Over the next decade, we anticipate that the musculoskeletal community will more routinely use phantoms and standardized protocols to help minimize sources of quantitative error that currently impede wider adoption of quantitative cartilage MRI techniques (73). Additionally, deployment of newly developed artificial intelligence–guided automated segmentation techniques to extract cartilage thickness and volume will enable improved lesion detection, prediction of osteoarthritis outcomes, and generation of 3D models for surgical planning (74). Finally, postoperative imaging evaluation may involve labeling of matrix-associated stem cell implants with superparamagnetic ferumoxytol nanoparticles to evaluate graft outcome success (75).

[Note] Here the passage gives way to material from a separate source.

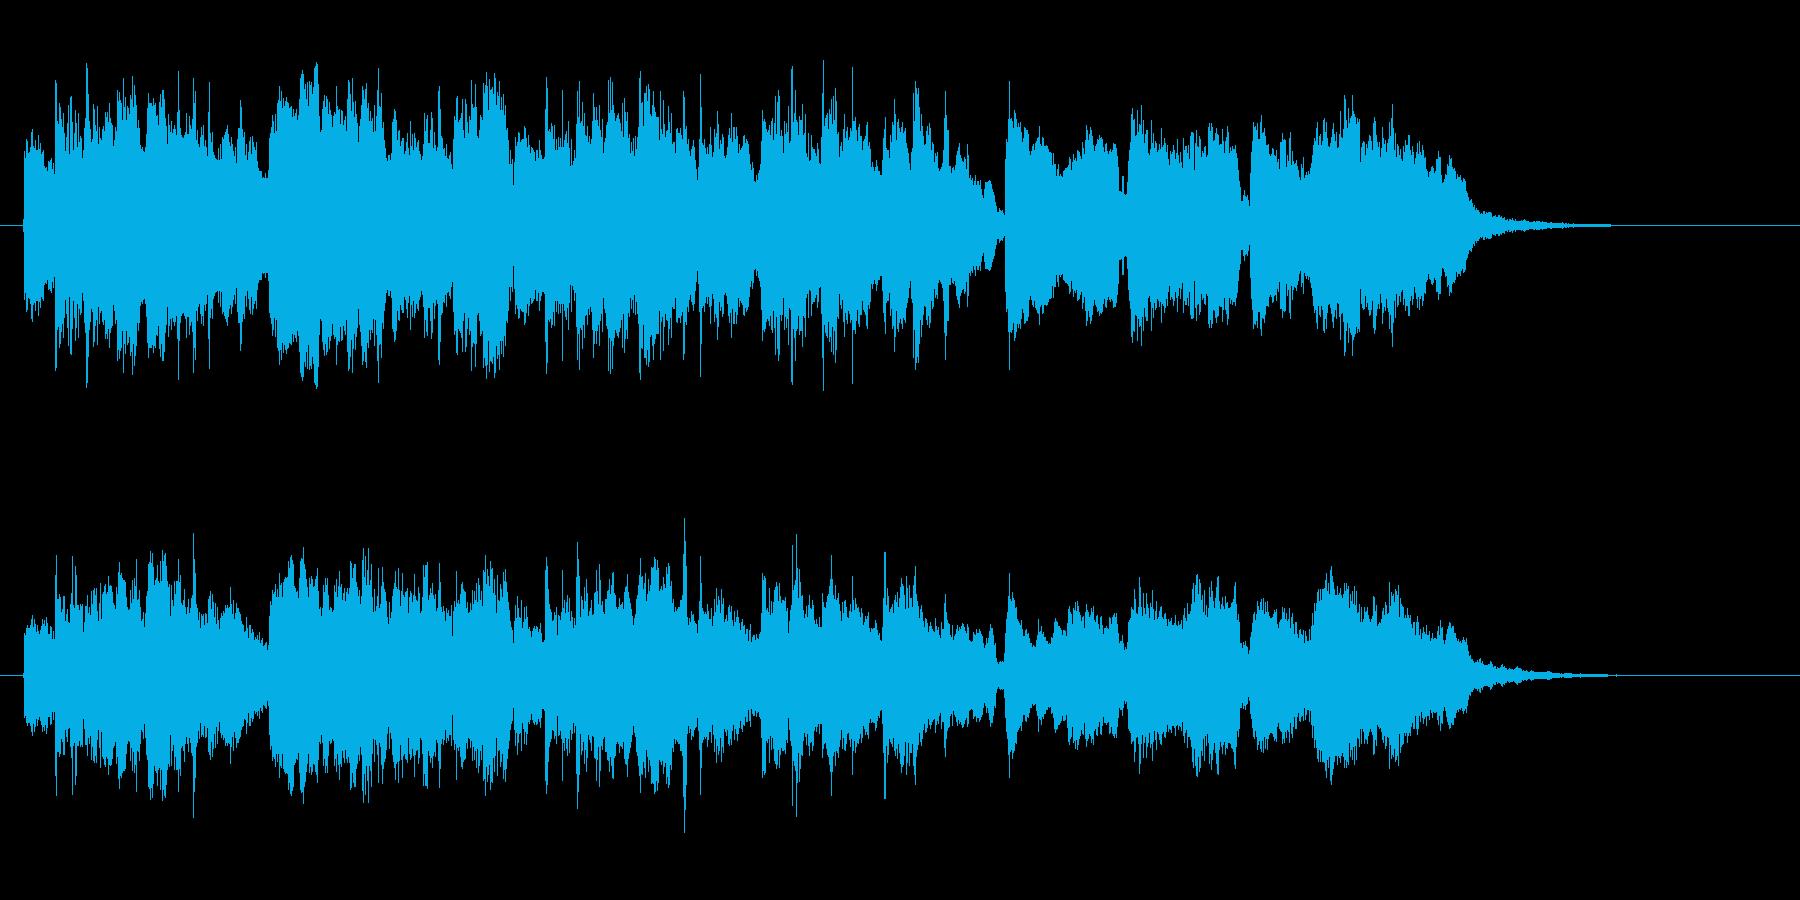 メルヘンで優しいシンセオルガンサウンドの再生済みの波形

UTE and Zero-Echo-Time MRI
Cortical bone, ligaments, tendons, and menisci comprise a highly organized ultrastructure with very short T2 and T2* values (1 µsec to 11 msec) that result in rapid decay of transverse magnetization. Consequently, these tissues lack signal during conventional FSE/TSE imaging, which uses minimum echo times of about 10 msec. Sequences with sufficiently short echo times sample the free-induction decay, similar to gradient-recalled echo, and include UTE imaging, water- and fat-suppressed proton projection MRI, sweep imaging with Fourier transformation, pointwise encoding time reduction with radial acquisition, and zero-echo-time (ZTE) imaging (76–80). It is only recently, however, that ZTE techniques have become commercially available and UTE prototypes supported by some major MRI vendors. The choice of UTE (echo time <0.1 msec) or ZTE (echo time of 0 msec) technique largely depends on vendor availability and intended applications (Table 4).
Table 4:
Comparison of GRE, UTE, and ZTE Sequences
An immediate clinical translation of either ZTE or UTE MRI is to enhance signal intensity in cortical bone. UTE and ZTE sequences facilitate near-isotropic acquisitions within reasonable scanning times (<7 minutes), approach the voxel resolution of energy-integrating detector CT (81), and support multiplanar reformation, volume rendering, and segmentation tasks. Cortical bone evaluation with ZTE has been applied in the context of shoulder trauma, sacroiliitis, and spine degeneration (Fig 10) (82,83). Compared with conventional gradient-recalled echo acquisitions, ZTE MRI provides superior visualization of osseous detail, with substantial agreement found between ZTE MRI and CT in paired imaging studies (84). Benefits of ZTE sequences include (a) decreasing patient exposure to ionizing radiation from CT, especially for the pediatric and pregnant populations, and (b) conserving health care resources by obviating the need for concurrent CT scans in certain patients. Hence, ZTE sequences will likely revolutionize current algorithms, as evaluation of both cortical bone and soft tissue are now feasible within a single MRI examination.
Figure 10:
Zero-echo-time MRI scans in four patients after acute trauma. (A) Oblique coronal image of the glenohumeral joint in a 50-year-old male patient demonstrates a comminuted greater tuberosity fracture (arrow). (B) Sagittal image of the left elbow in a 33-year-old male patient demonstrates a superiorly displaced triceps avulsion fracture (arrow). (C) Coronal wrist image in a 61-year-old male patient shows small capsular triquetral avulsion fracture (arrow). (D) Sagittal ankle image in a 39-year-old male patient demonstrates Achilles tendon avulsion fracture off the calcaneus, with retraction of osseous fragments (arrows). Images courtesy of Ryan Breighner, PhD, Hospital for Special Surgery.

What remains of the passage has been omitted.